About this exercise: Your copy of the data below must be exact and must leave out all pictures.

Information shown:

------------------------------------------------------------------------

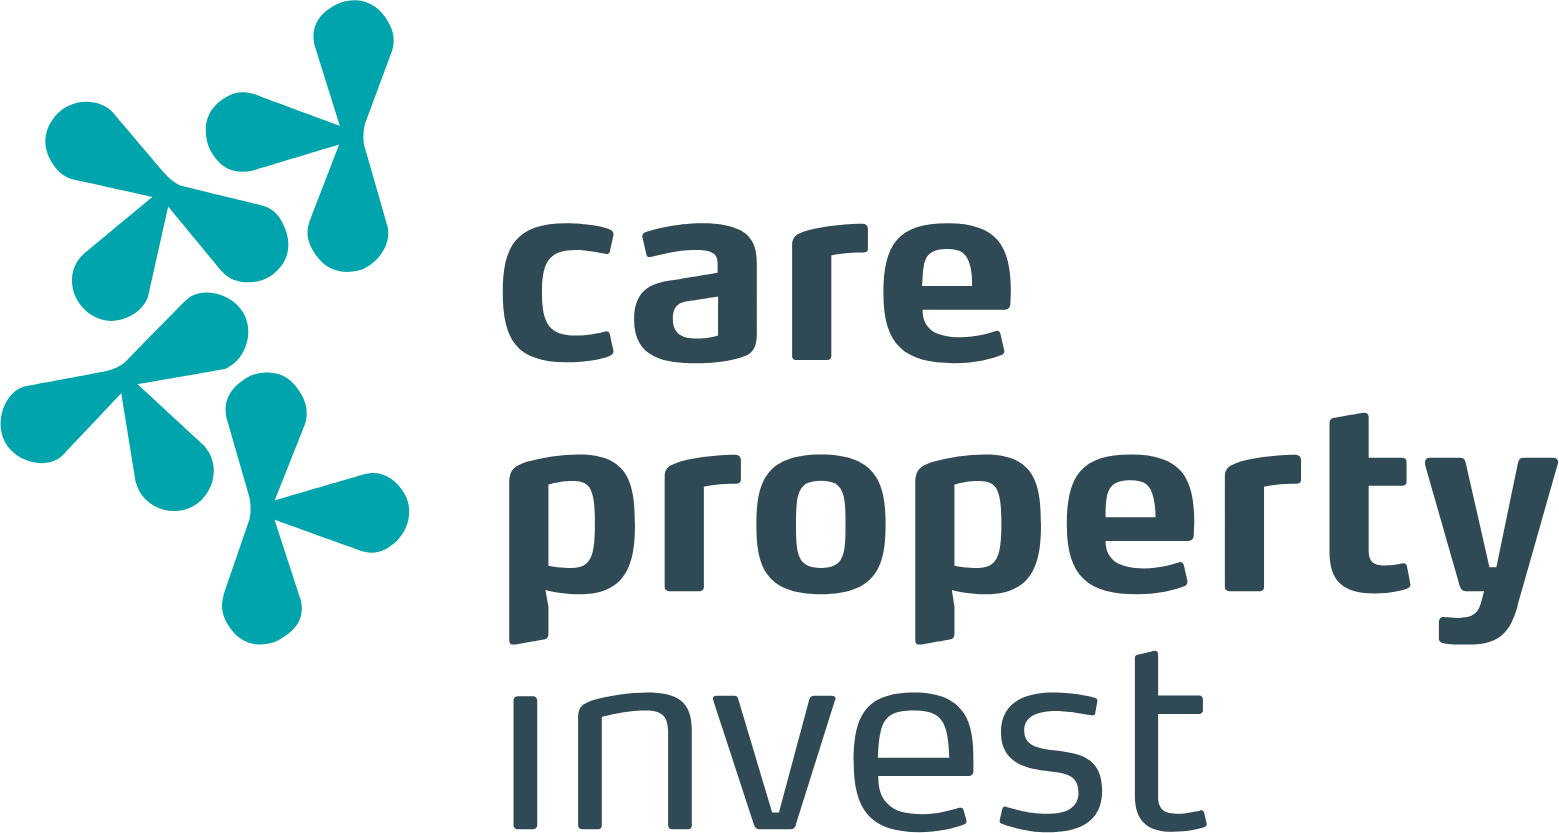 Care Property Invest NV logo large (transparent PNG)
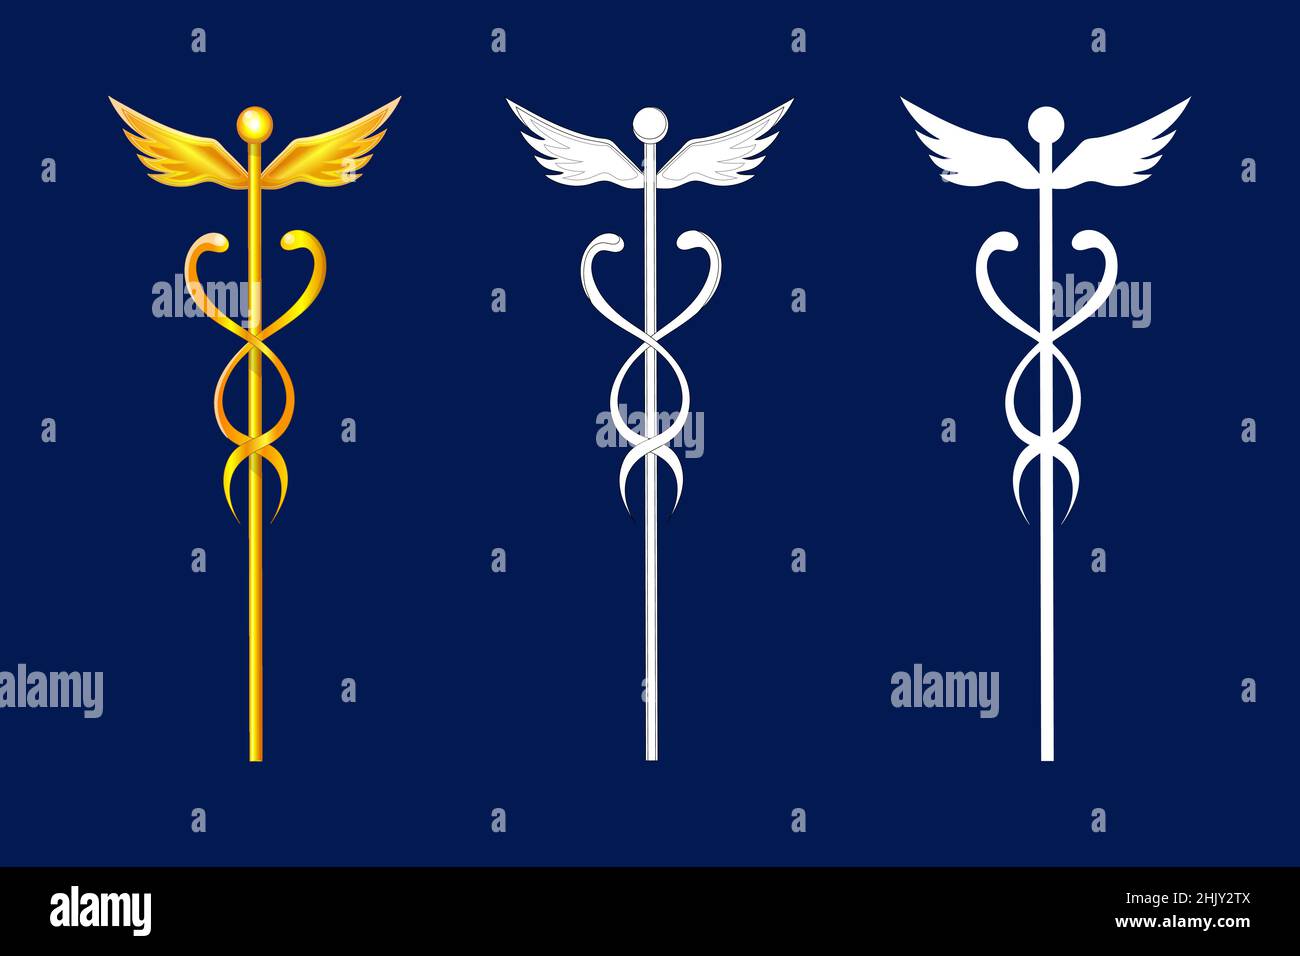 Caduceus, geflügelter Zauberstab mit Schlangen, von Hermes, Merkur, griechischem oder römischem handelsgott. Handelssymbol Stock Vektor
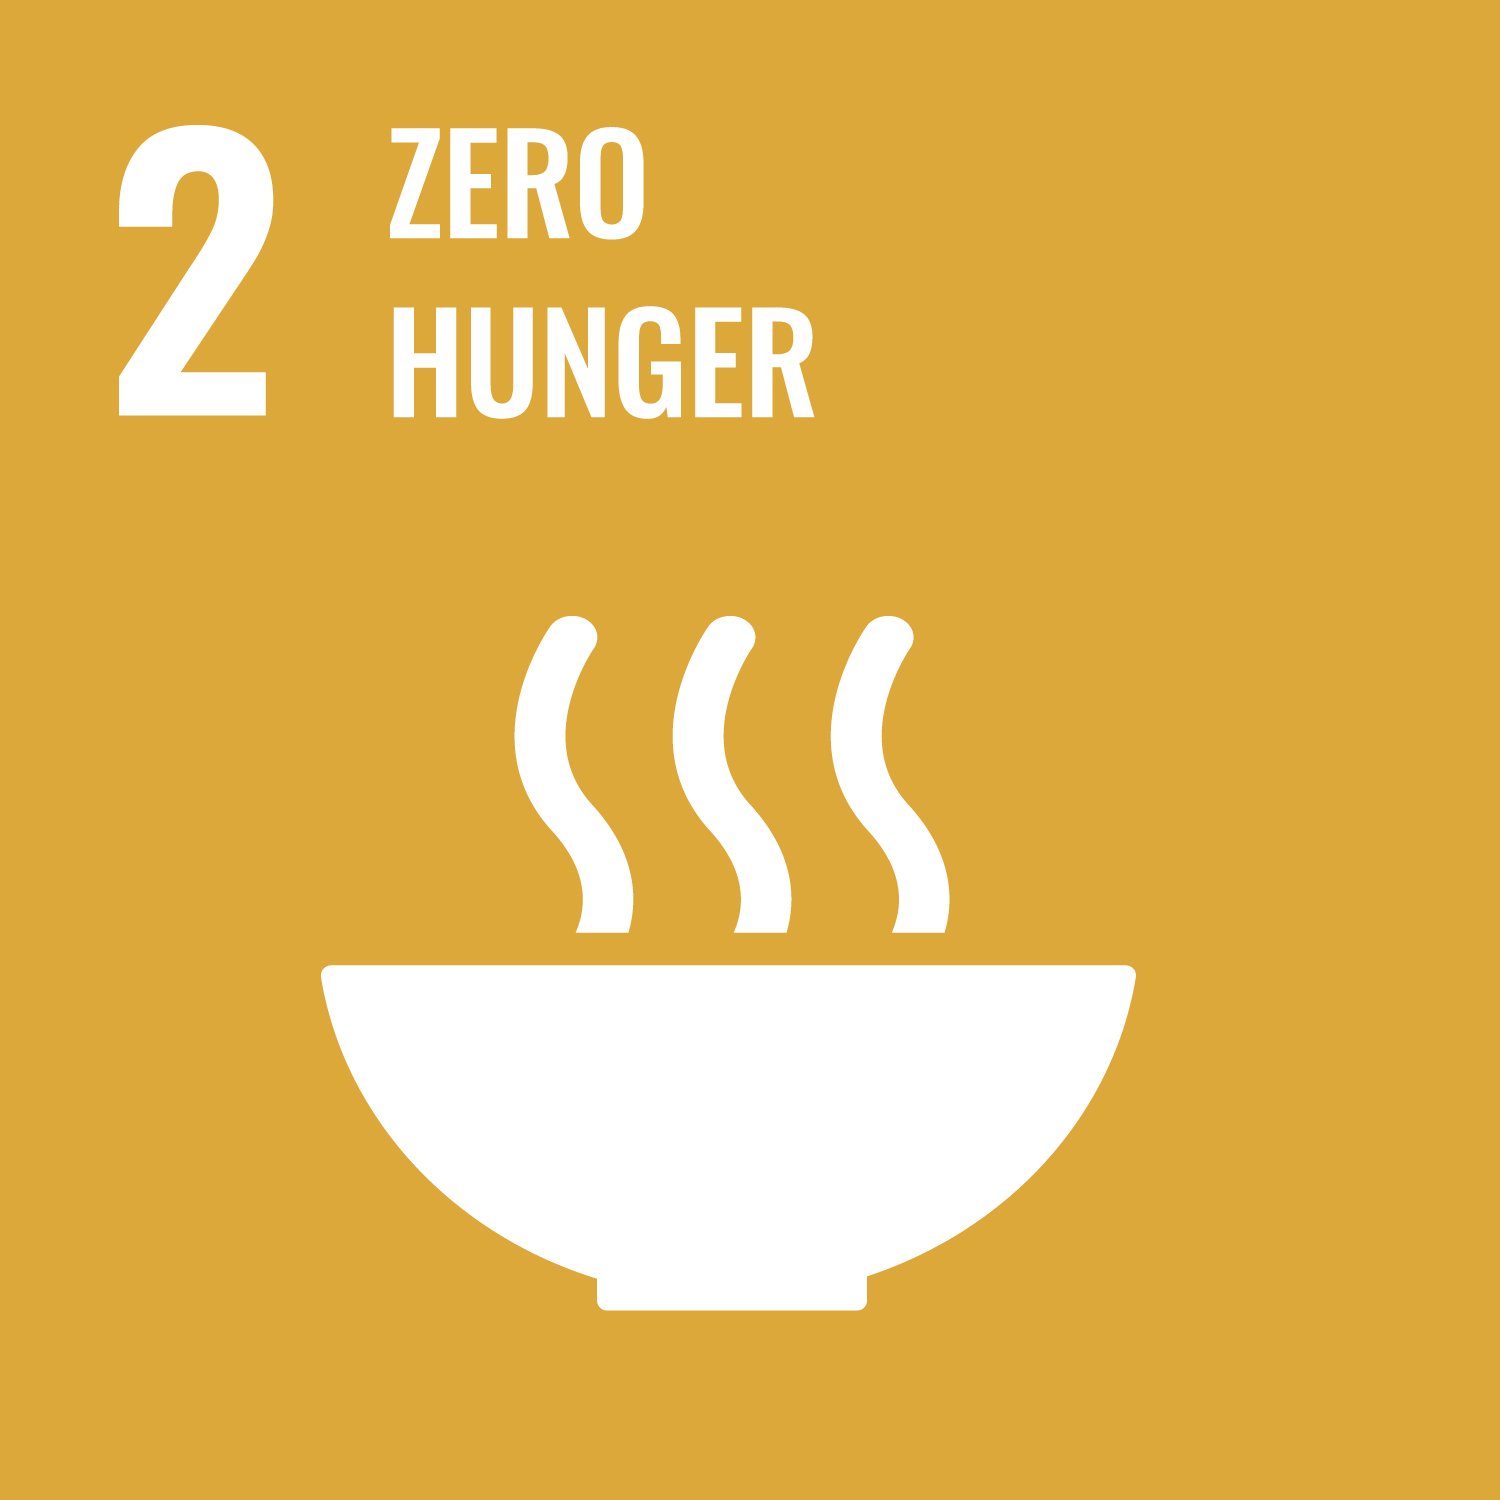 02. Zero hunger

------------------------------------------------------------------------

Answer section:
 Care Property Invest NV logo large (transparent PNG)
 Caduceus, geflügelter Zauberstab mit Schlangen, von Hermes, Merkur, griechischem oder römischem handelsgott. Handelssymbol Stock Vektor
 02. Zero hunger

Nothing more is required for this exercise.